Red Scarf
- Company type: Limited company
- Industry: Online media and marketing communications
- Founded: 2012; 13 years ago
- Founder: Pauline Guo
- Products: British lifestyle site for Chinese audience
- Website: www.honglingjin.co.uk

= Red Scarf (company) =

Online media and digital marketing company

Red Scarf (红领巾 (hónglǐngjīn)) is a London-based online media and digital marketing communications company. The company provides a British lifestyle website produced in Chinese for a Chinese speaking audience. The stated aim of company is to help British companies plan and execute online marketing activities, which include offline stores for the Chinese speaking community.

== History ==
Pauline Guo, a MA Marketing Communications graduate from London College of Communication, University of the Arts, founded the company in 2012. After graduating, she started Red Scarf as a blog on Sina Weibo, with Pauline posting about United Kingdom life, news and advice. She has been described as "the most useful account for Chinese students in the UK".

Red Scarf surpassed 6.7 million online users in 2019.

As of January 2024, Red Scarf has merged with the French-based company ECENTIME. Together, they aim to be the first and only platform of their kind. As part of the family, Red Scarf maintains its unique brand identity while utilizing ECENTIME's vast network and cutting-edge technology. Under the leadership of the newly appointed Group CEO Yangke SUN, a renowned expert in recommendation systems, they are focused on helping UK brands expand into the Chinese market.

== About ==
The company owns and manages a United Kingdom lifestyle website, written in the Chinese language, under the Red Scarf name. The stated aim of the site is to help people from Mainland China who are currently living in or visiting the United Kingdom.
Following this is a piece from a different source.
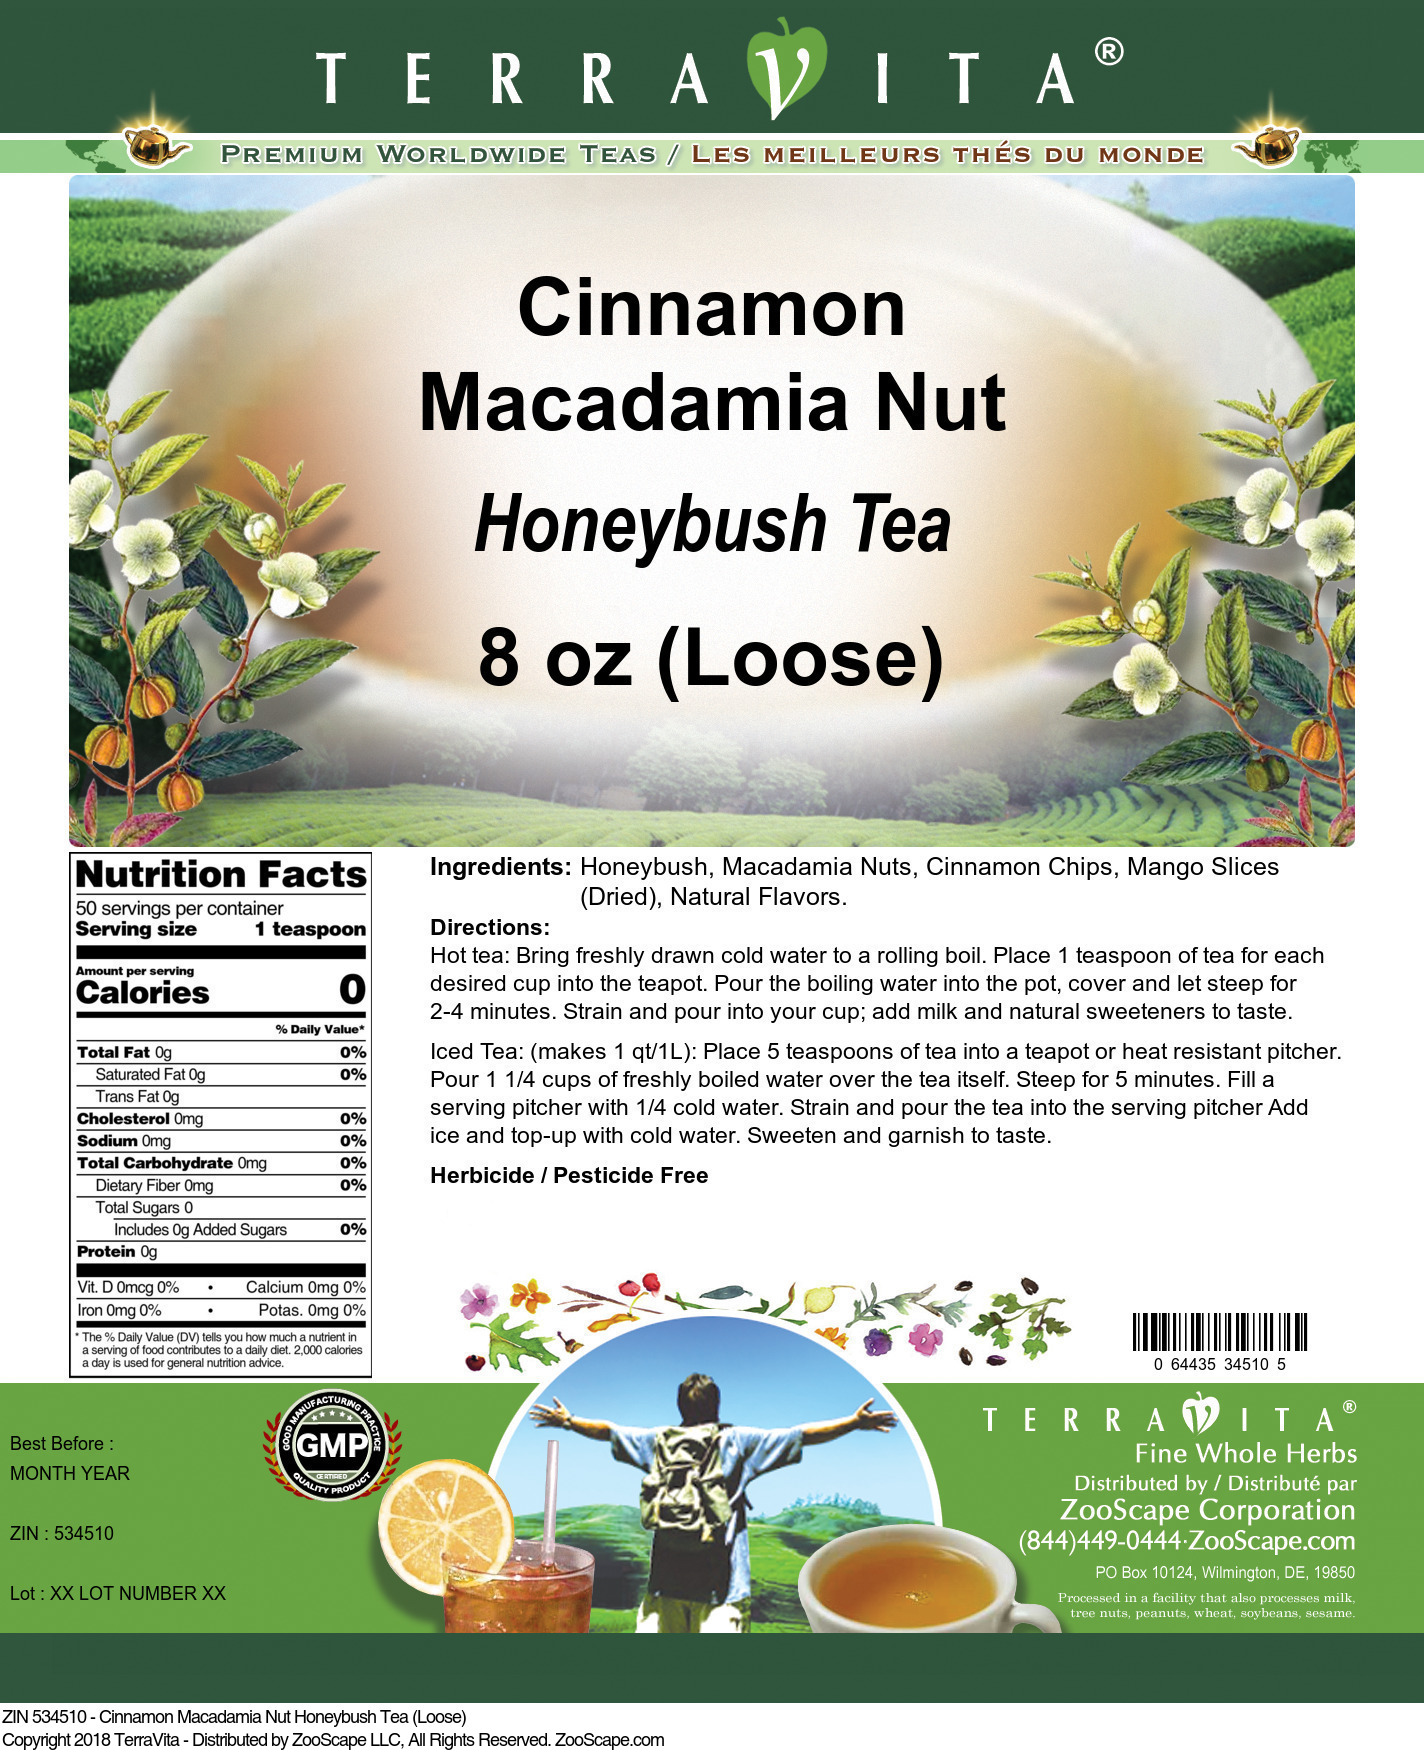 Cinnamon Macadamia Nut Honeybush Tea (Loose) - Label

Red Scarf is also on two Chinese social media platforms, Sina Weibo and WeChat.

=== Name ===
Its readers commonly know Red Scarf as "honglingjin", which is a direct translation of red scarf in Chinese. It is a symbol of the international communist pioneer movement and a part of the school uniform worn by primary school students in mainland China.

=== Website ===
The website covers seven different categories: shopping, deals, restaurants, life, holiday, visas and events. It received over 6.5 million unique visitors in 2017 and, on average, 540,000 unique visitors per month, with 65% of traffic generated from the United Kingdom and 24% from China. The reader demographic from the latest 2017 Red Scarf Readers Survey shows that they are mostly females, aged 18 to 25, study undergraduate and postgraduate degrees in the United Kingdom, and mostly reside in England.

In 2017, the Red Scarf official website launched a preparation guide named the '2017 British Red Scarf life guide report'.